Александр Фисейский: «Я услышал орган и понял, что нашёл свой путь...»
На первый концерт Александра ФИСЕЙСКОГО в Смоленске, где он представлял публике новый орган филармонии, билеты были распроданы буквально за пару дней. И само выступление прошло при полнейшем восторге публики, встречавшей каждый номер программы бурными овациями. А для тех, кому на эту программу билетов не досталось, организован ещё один концерт, 24 июня, где Александр Фисейский выступит в дуэте со своей дочерью флейтисткой Верой Фисейской...
Начиная с Баха
– Об органе я могу говорить долго, – признаётся маэстро. – Он начал свой путь ещё с древности и был тогда сугубо светским инструментом. И своё место в западной христианской церкви нашёл не так легко – на протяжении пяти веков её патриархи решали вопрос, вводить органную музыку в богослужения или нет. Впрочем, у нас в России орган больше воспринимается как инструмент концертный, каким он и был в начале своего пути...
– Александр Владимирович, а ваш личный роман с органом с чего начался?
– Когда я был ребёнком, меня очень привлекала музыка Иоганна Себастьяна Баха. Когда я слышал её по радио (это мои первые музыкальные впечатления), то воспринимал как нечто родное и близкое для меня. Может быть, именно это и привело меня в конечном итоге к органу, потому что Бах и орган абсолютно взаимосвязаны.
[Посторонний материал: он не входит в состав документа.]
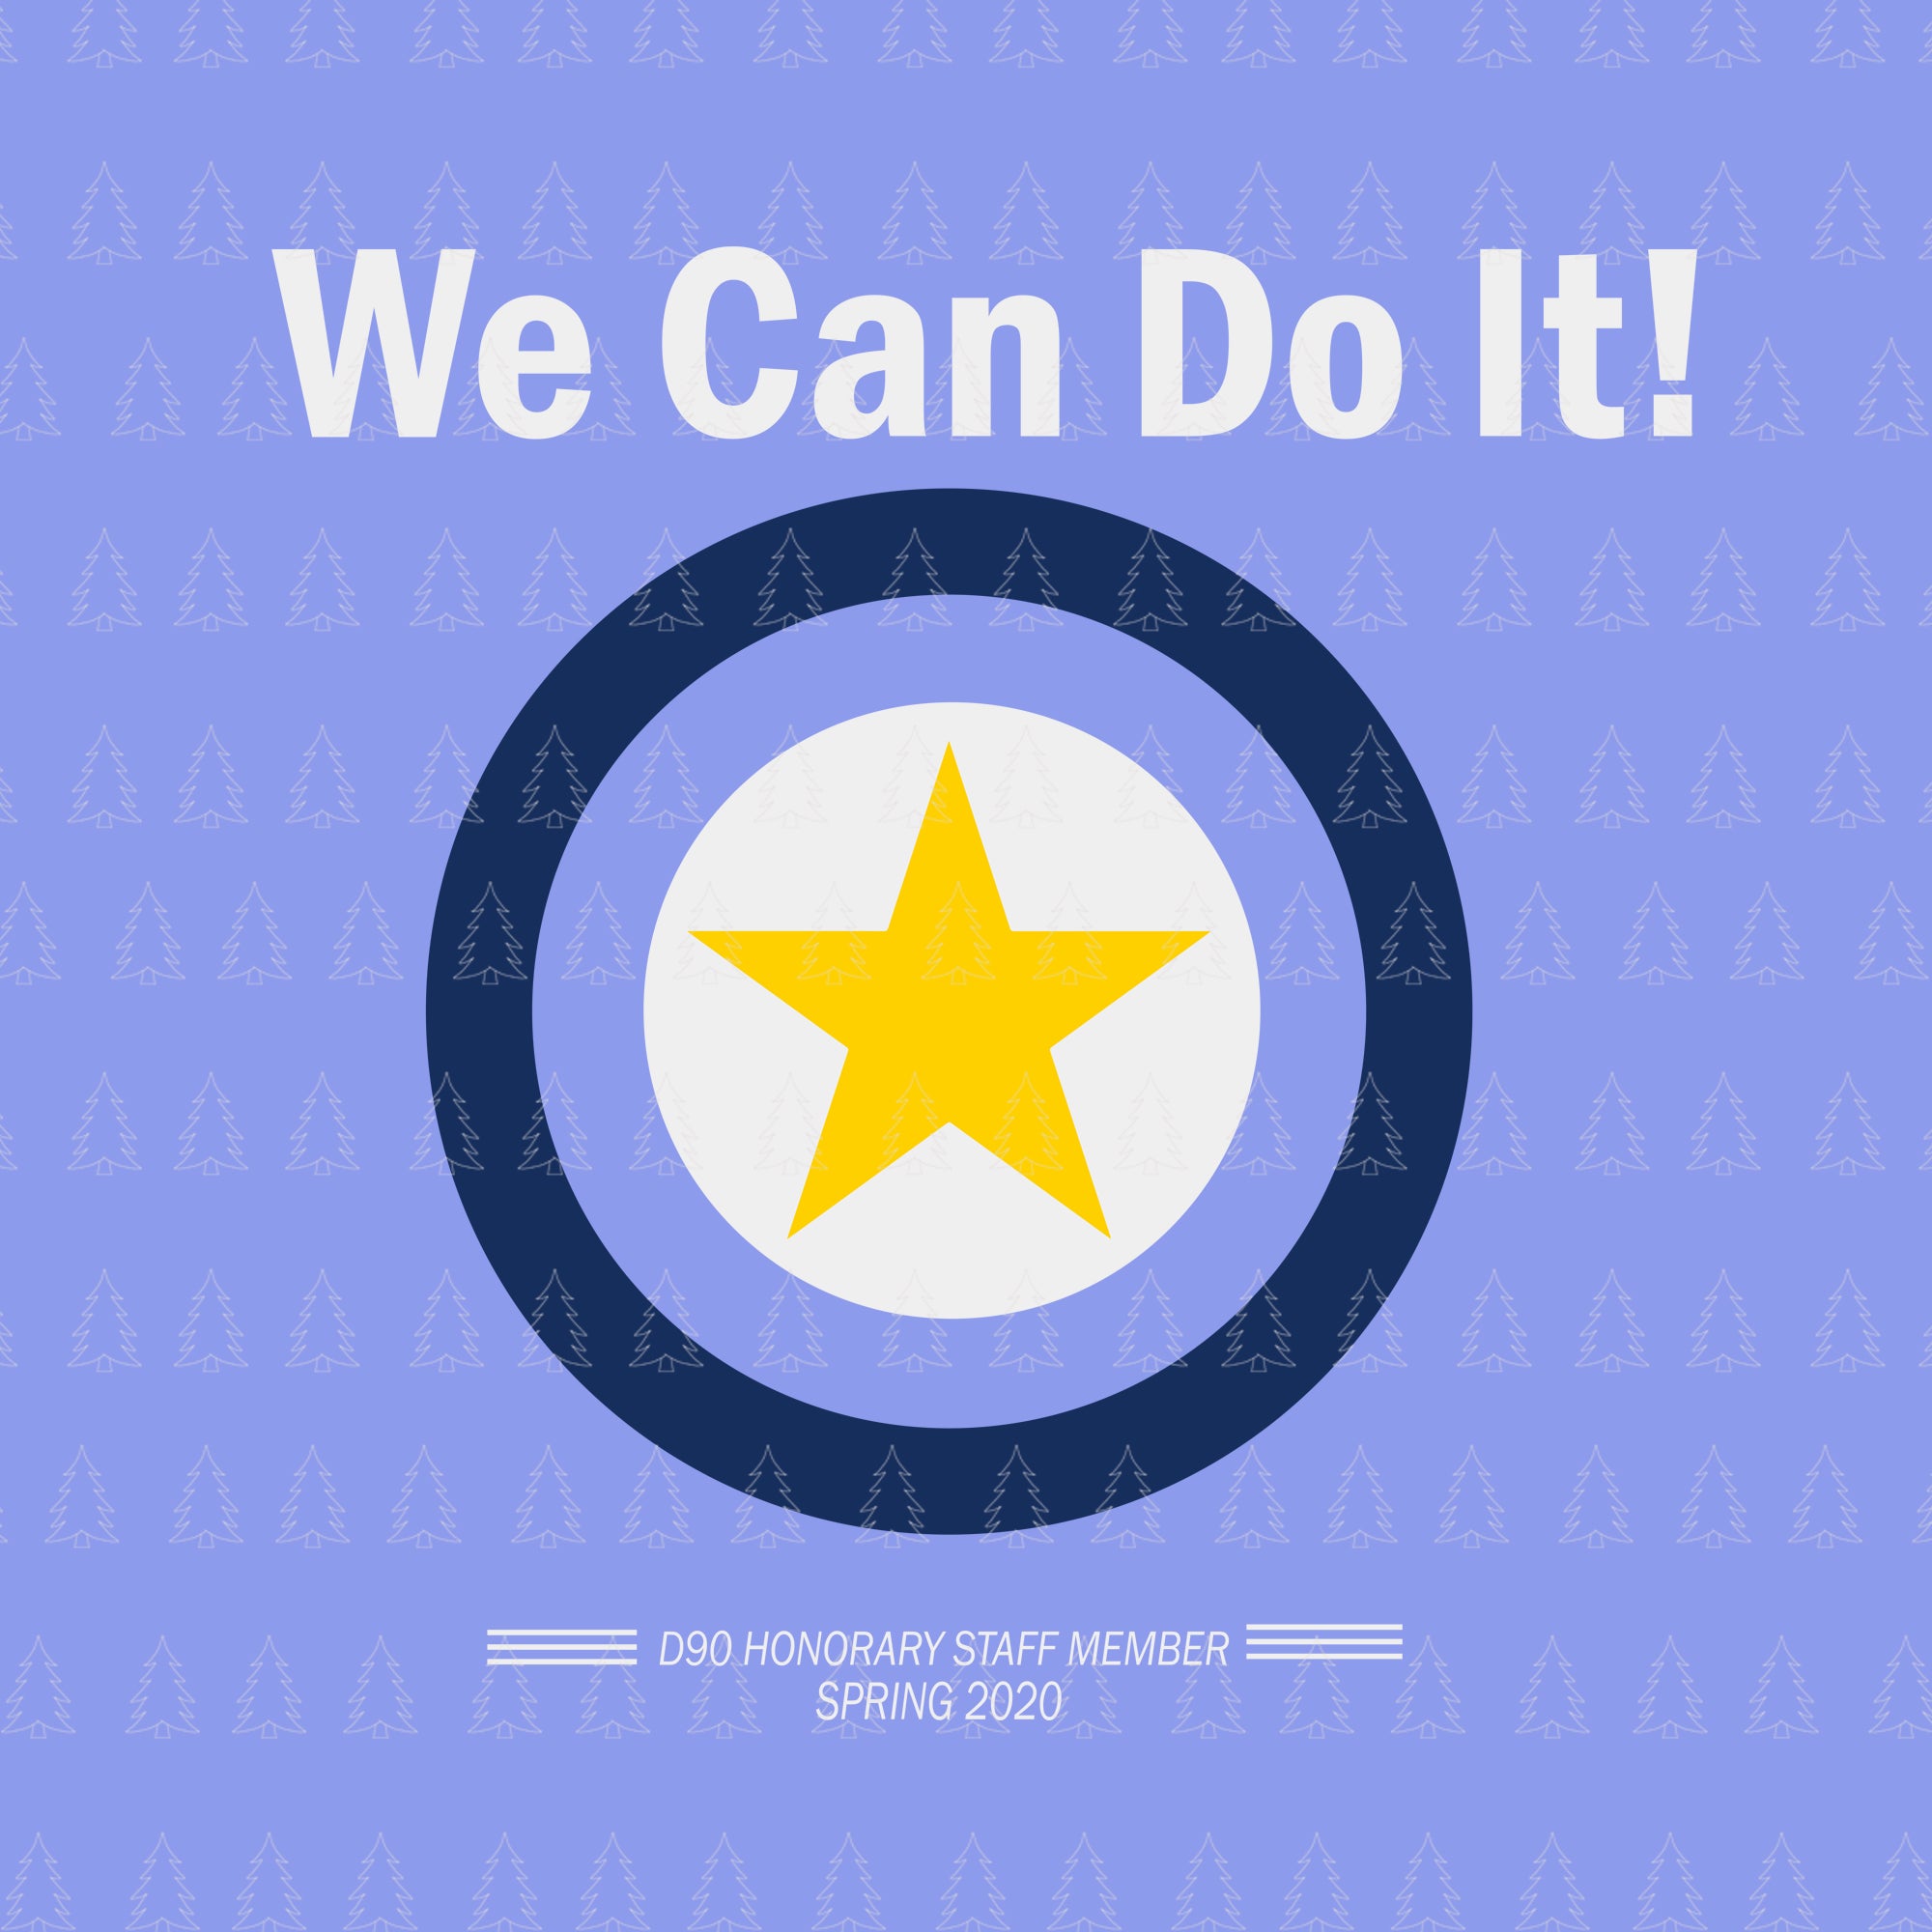 We can do it d90 staff spring 2020, we can do it d90 staff spring 2020 svg, we can do it d90 staff spring 2020 png, mens d90 staff we can do file

А потом была Московская консерватория, где мне посчастливилось учиться как раз тогда, когда там установили орган. Это был 1968 год. Я, студент третьего курса фортепианного факультета, впервые услышал звучание органа – вживую, не в записи, не по радио – и сразу понял, что мой путь в музыке будет связан именно с этим инструментом.
Вообще, мне как-то в одну секунду стал понятен весь мой дальнейший жизненный путь. Меня даже не интересовало, достигну ли я каких-то результатов, стану ли концертирующим исполнителем, – просто услышал звучание органа и осознал, что нашёл свою дорогу в этой жизни.
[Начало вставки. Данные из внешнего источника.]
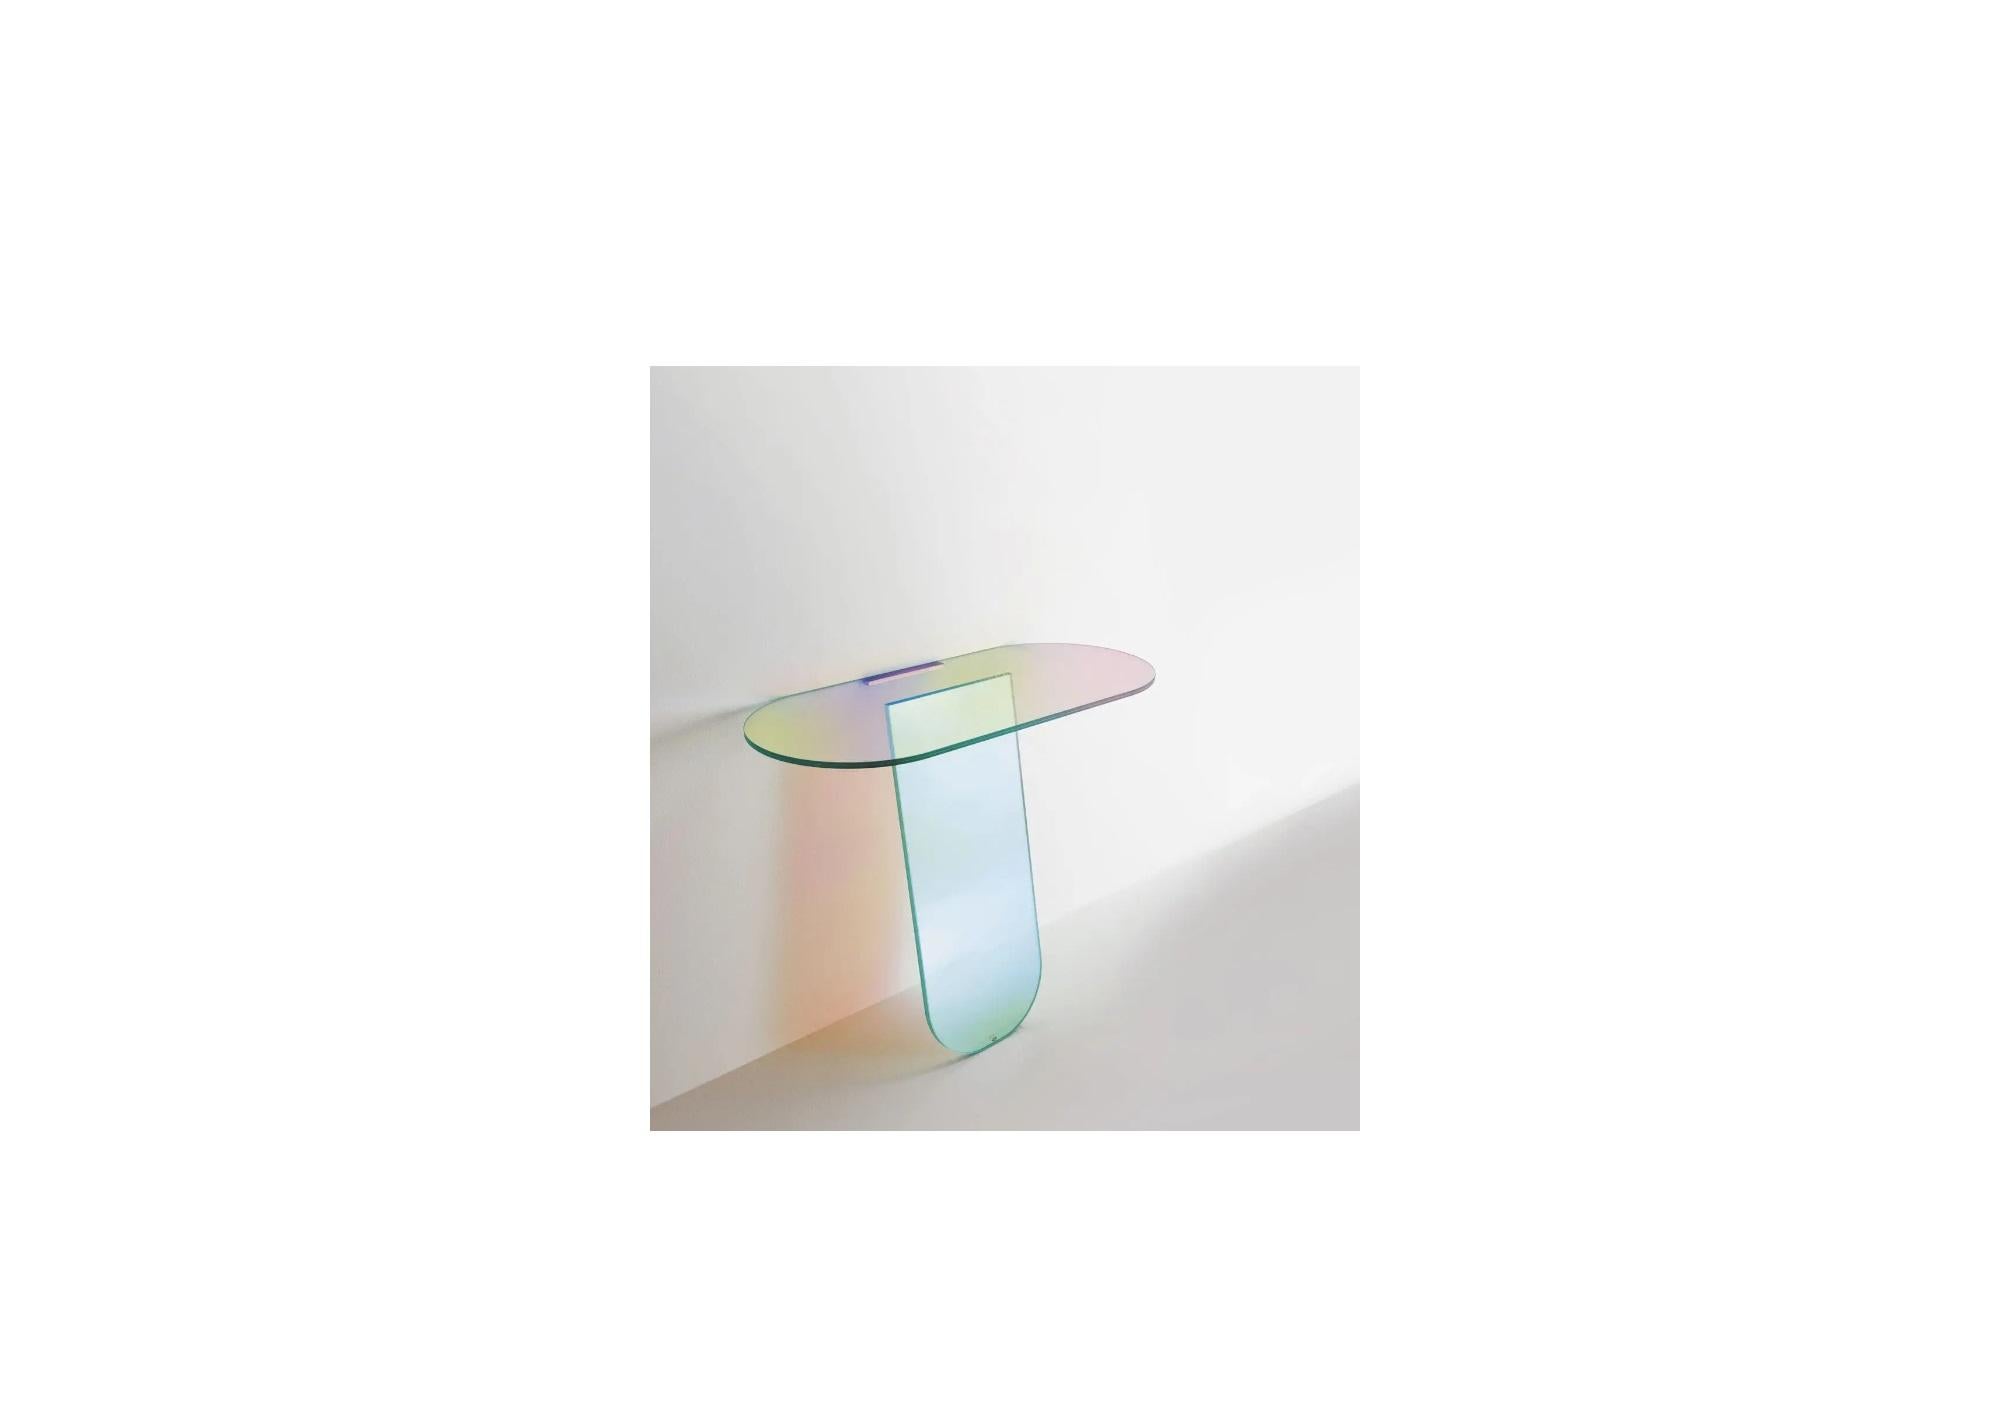 In laminated and glued glass, characterized by a special iridescent multichromatic finish; the nuance varies according to the angle of the light source and the vantage point. Reflected objects with a magical and ethereal appearance

– Но в консерваторию вы всё же поступали как пианист...
– А в те годы поступать по классу органа было просто невозможно. В советское время это был идеологически чуждый нам инструмент, который мог находиться только на периферии.
Так что я поступил как пианист. Более того – мне посчастливилось учиться у Веры Васильевны Горностаевой, которая сама пригласила меня в свой класс. И я был счастлив, потому что это выдающийся музыкант. Она открыла мне многие секреты, которые впоследствии я использовал уже как исполнитель-органист, и это был важный момент в моей музыкальной биографии.
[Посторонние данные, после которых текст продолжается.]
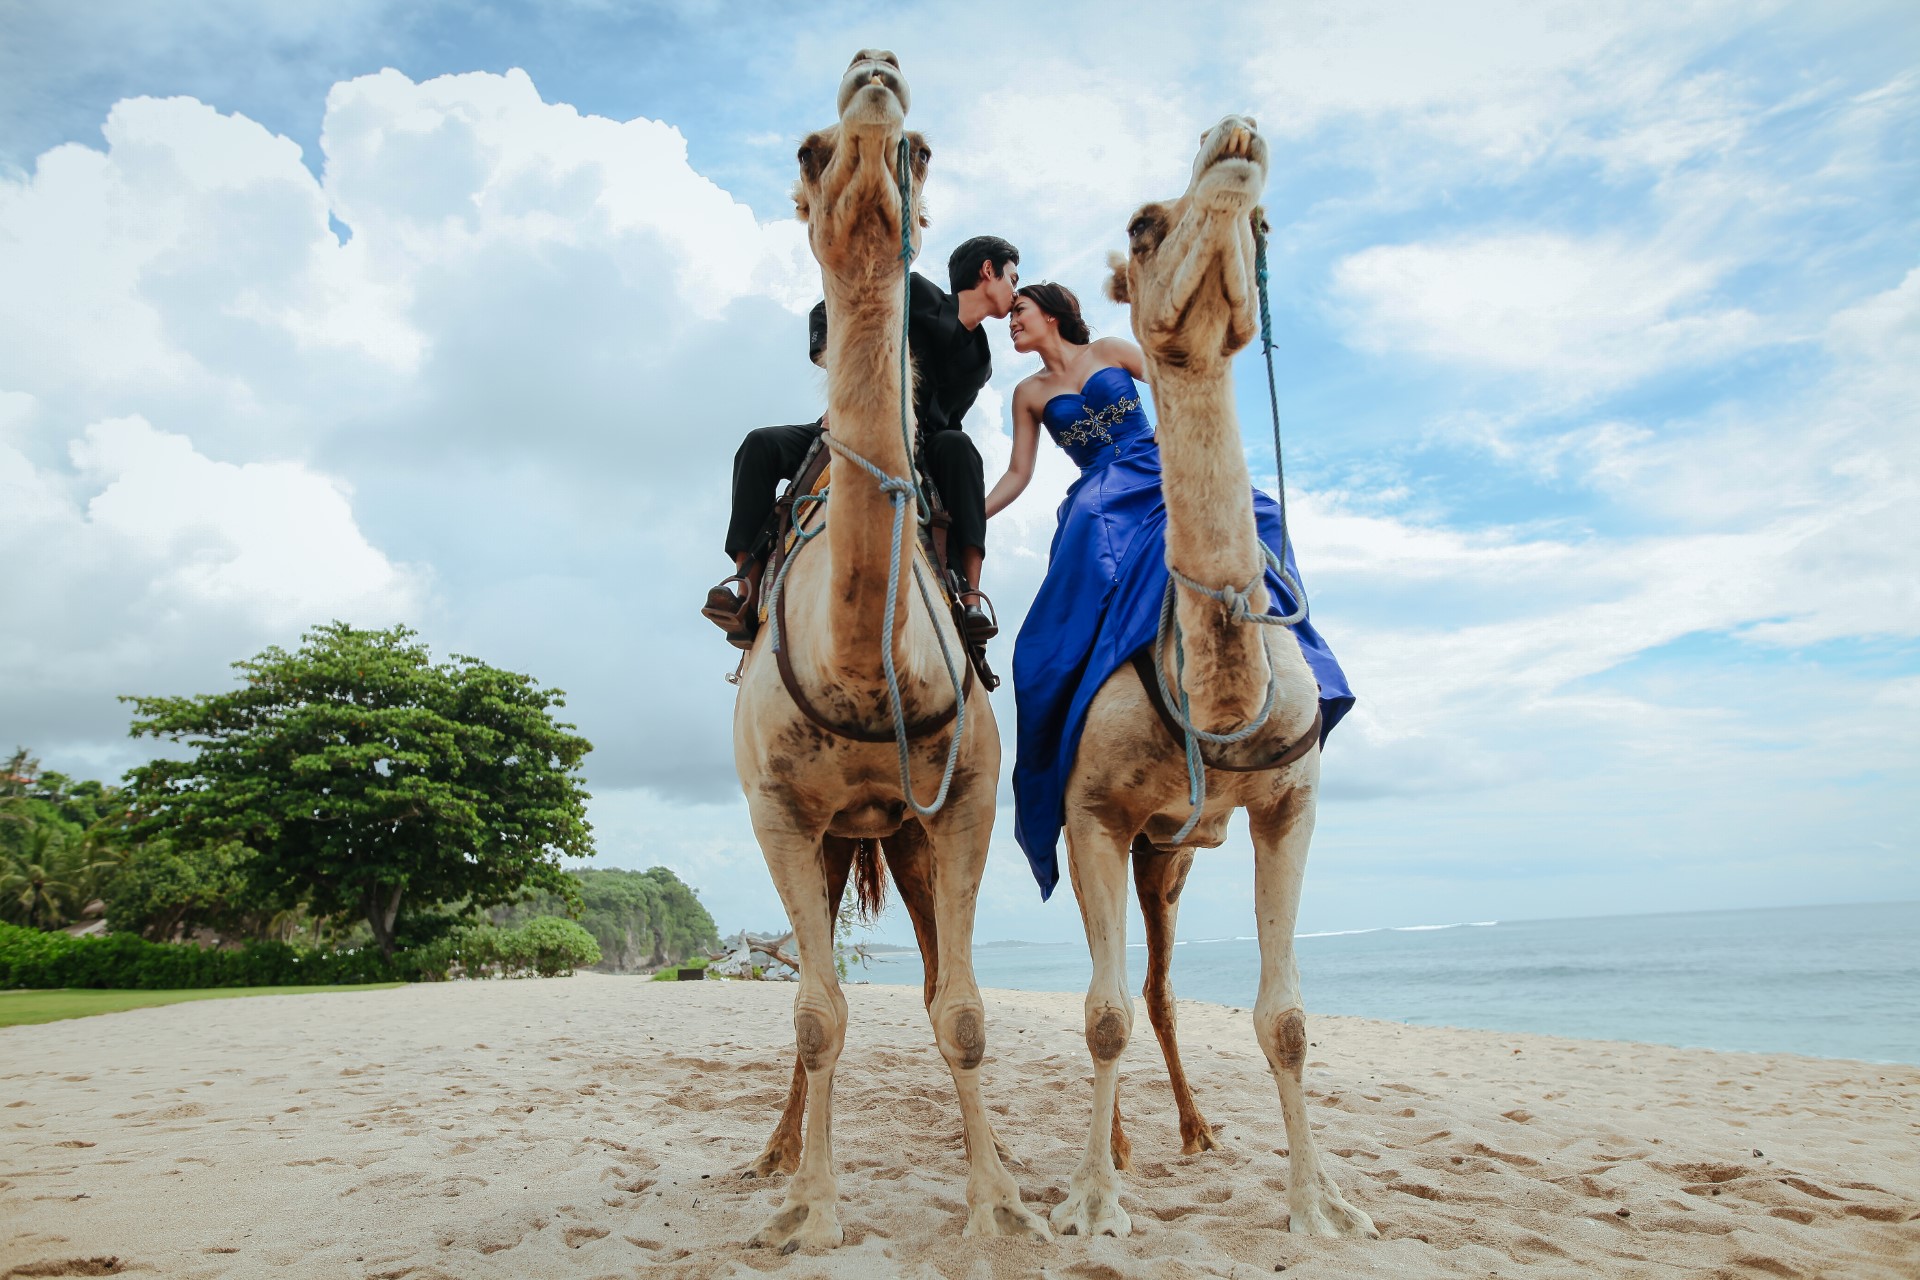 Top 5 Amazing Locations For Pre-Wedding Photoshoot In Bali

К тому же, учась у Горностаевой, я параллельно занимался органом. И по окончании консерватории получил место органиста в Минске. Как раз появилась вакансия в Белорусской государственной филармонии, и это был для меня счастливый факт...
Счастье органиста
– Вы играли на самых знаменитых органах мира, открывали инструменты в концертных залах разных стран... Как начинается знакомство с каждым новым инструментом?
– Должен сказать, что когда я учился в консерватории, то весь кругозор мой и моих соучеников ограничивался тремя-четырьмя инструментами – мы даже не представляли всего многообразия органного мира. Об этом как-то не говорилось. Затем в Минске я познакомился с иным типом инструмента, и мне пришлось фактически начинать всё заново: заниматься самообразованием, воспитывать в себе совершенно новые приёмы игры. Потому что теми ресурсами, которыми я располагал по окончании консерватории, там пользоваться было просто нельзя.
Потом я очень многому научился на том инструменте. И когда начал концертировать и встречаться с другими органами, мне всегда было довольно просто переходить с одного типа инструмента на другой. А что касается особенностей и неповторимости каждого образца, то я должен сказать, что все органы, на которых я играл, мне очень дороги. Я всегда старался в каждом из них найти что-то необычное. В том числе и в смоленском. Я не зря сидел здесь вчера до полуночи – мне хотелось понять его особенности.
– Удалось понять?
– Думаю, да. Вообще, мы, органисты, счастливые люди – всякий раз играем на новом инструменте. И каждый даёт неповторимые краски. Даже если это органы одного направления и одного мастера, все они звучат по-разному. И найти в каждом инструменте какие-то свои драгоценные качества и использовать их в передаче той музыки, которая исполняется, и есть настоящее творчество. И это не менее важно, как мне думается, чем выход на публику и игра на концерте. Тот момент, когда ты наедине с инструментом и находишь в нём какие-то важные для себя качества, незабываем.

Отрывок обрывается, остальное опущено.